The way you greet the day matters. Your first lucid moments set the course for what follows. Set that course with intention, through a simple prayer, and you’ll be okay. The prayer needn’t be long, but it ought to be clear. In fact, the simpler, briefer, and more focused it is, the better. For the better part of your life, you’ve let the day start you. Your alarm awakens you, and you stumble out of bed. You turn on the coffee or the shower. A steady stream of thoughts flows through your head. You get the newspaper, put on music or the TV. Maybe you check your email or head off to the gym. The mental stream swells, and as it does, your body and spirit are pulled along with it. Even first thing in the morning, tension and stress tug at your neck and shoulders. The thought-stream nags at you from the start, demanding more from your body than your body’s ready to give. So you pump a little more caffeine into your veins and jot another note on your to-do list. These thoughts—largely unexamined—have yanked you into a river whose direction you control far less than you realize.

Isaiah says, "Morning by morning GOD wakens--wakens my ear to listen as those who are taught" (50.4b).

What might it mean for you to arouse your spirit first thing--to embrace the day and join up with God?

Intention: Tomorrow, I'll embrace the moment of my rising and waken my ear to GOD. Doing so has the power to change everything.

Loss

A friend's mother died suddenly early this morning. I got the call at 3:30am. After comforting the family, I found myself plunged back into my own experiences of grief--my own mother's, years ago, and a few more recent ones. I also found myself tumbling back into experiences of loss I thought would undo me, but didn't. Loss is inevitable. And it hurts. Frightens us too. Loss is a reminder of how vulnerable we are, how much we're not in control after all. Loss of any kind can send us spinning, craving firm footing again.

When we do so, it's not hard to bury ourselves in work or anything else that might distract us, numb us, and help us avoid the pain.

But loss is an invitation. There's grace in it, hidden beneath the pain.
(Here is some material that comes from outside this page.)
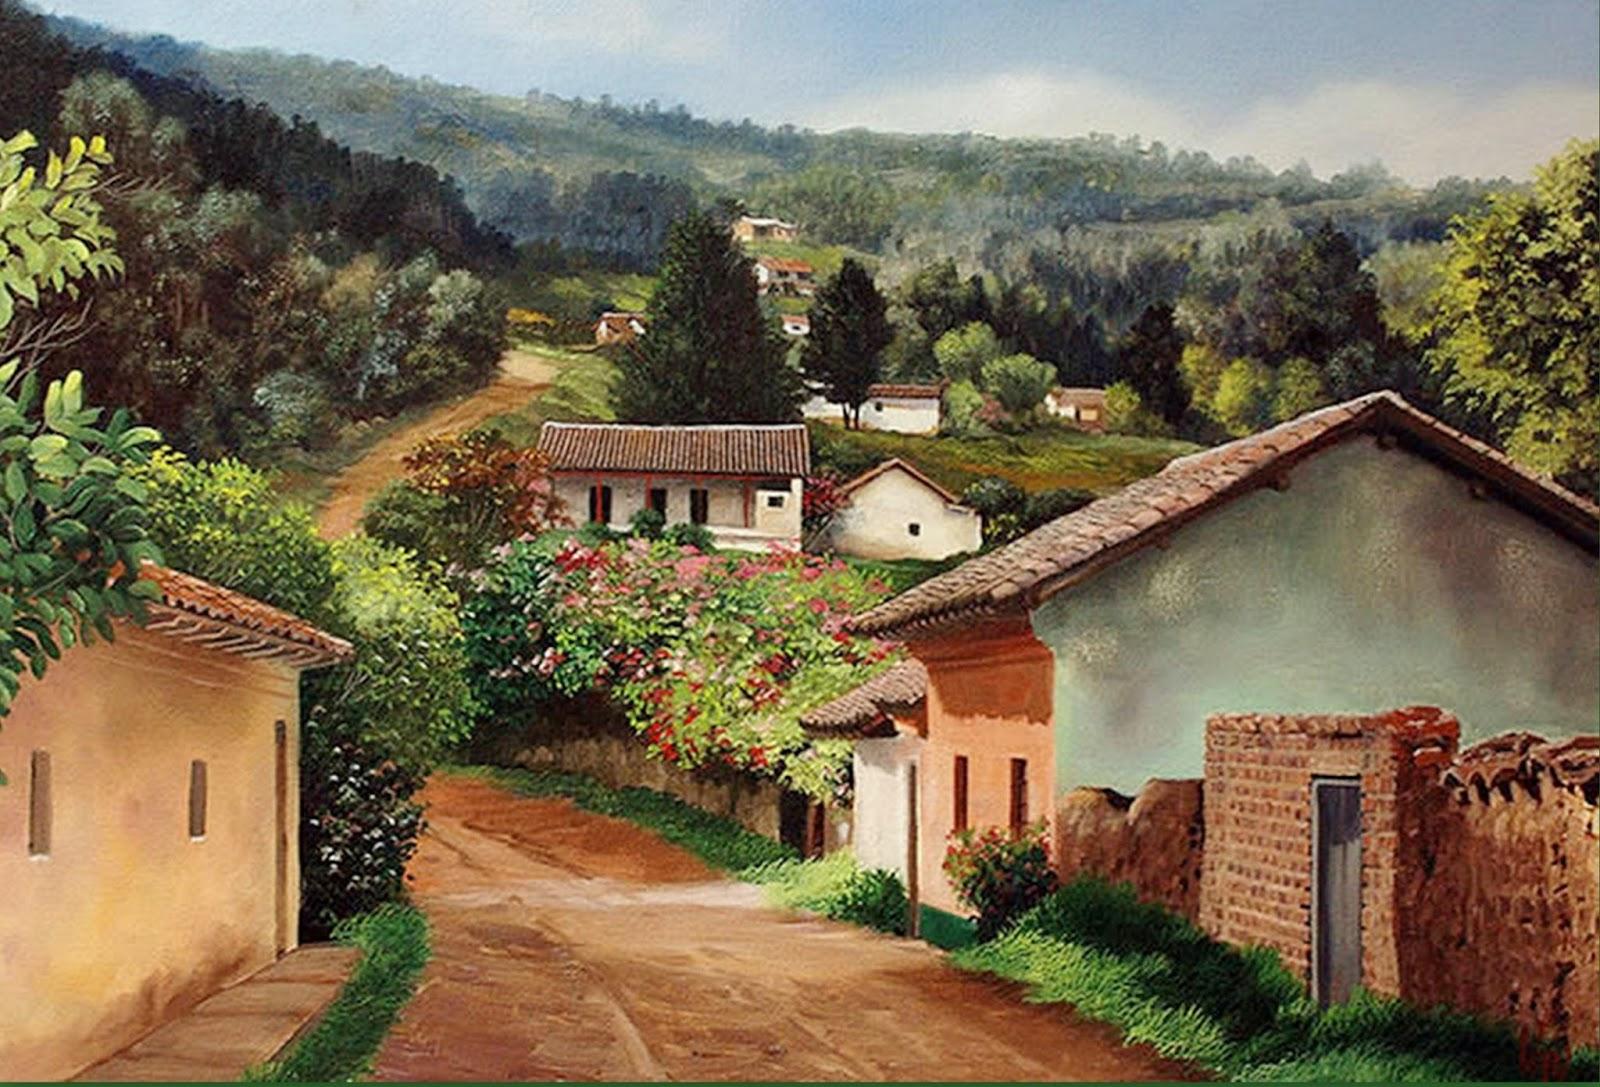 Im genes arte pinturas pinturas paisajes campesinos jos - Cuadros para pintar en casa ...

Through loss we can come to greater clarity about what really matters in life.

Through some losses I thought would destroy me, I've learned that a lot of what I thought I needed, I don't really need, and so much I thought I could not live without, I can, in fact, live without.

Grief has taught me how involved I am in humanity, how much I'm made for love. And loss has taught me that the one thing I need most can never be taken from me.

Perhaps that's what it means to live Holy Saturday, halfway between Good Friday and Easter Sunday.

Intention: Today, I'll let my losses shift my priorities again. I'll look back upon them gratefully--even through my pain--and realize they can be my teachers.  Every loss can open me to embrace life more fully.

Ahhhh

Kon Leong is co-founder, president and chief executive of ZL Technologies in San Jose, California. Adam Bryant of the New York Times recently caught up to him and chatted about leadership and life and advice for students fresh out of college. "Experiment," he says. "You can go in any direction. So experiment and you'll have a much better chance of finding your sweet spot. And the sweet spot is the intersection between what you're really good at and what you love to do. A lot of people would kill for that because, at 65, they're retiring and never found it. Try to find your sweet spot and, once you find it, invest in it."

Yes, to be spiritually and vocationally alive you must lean into your own God-breathed originality. There are so many bullying voices--inside and outside your head. If you can refuse them and find the sweet spot God's made you for--what you're good at and what you love to do you'll not only live a better live, you'll made life better for others.

Intention: Today, I'll take note of those times when I'm in the zone, doing me and doing me well. I'll look for those times when I'm happy, feeling good, and see if I'm doing things well at the same time. That'll tell me something I need to hold on to.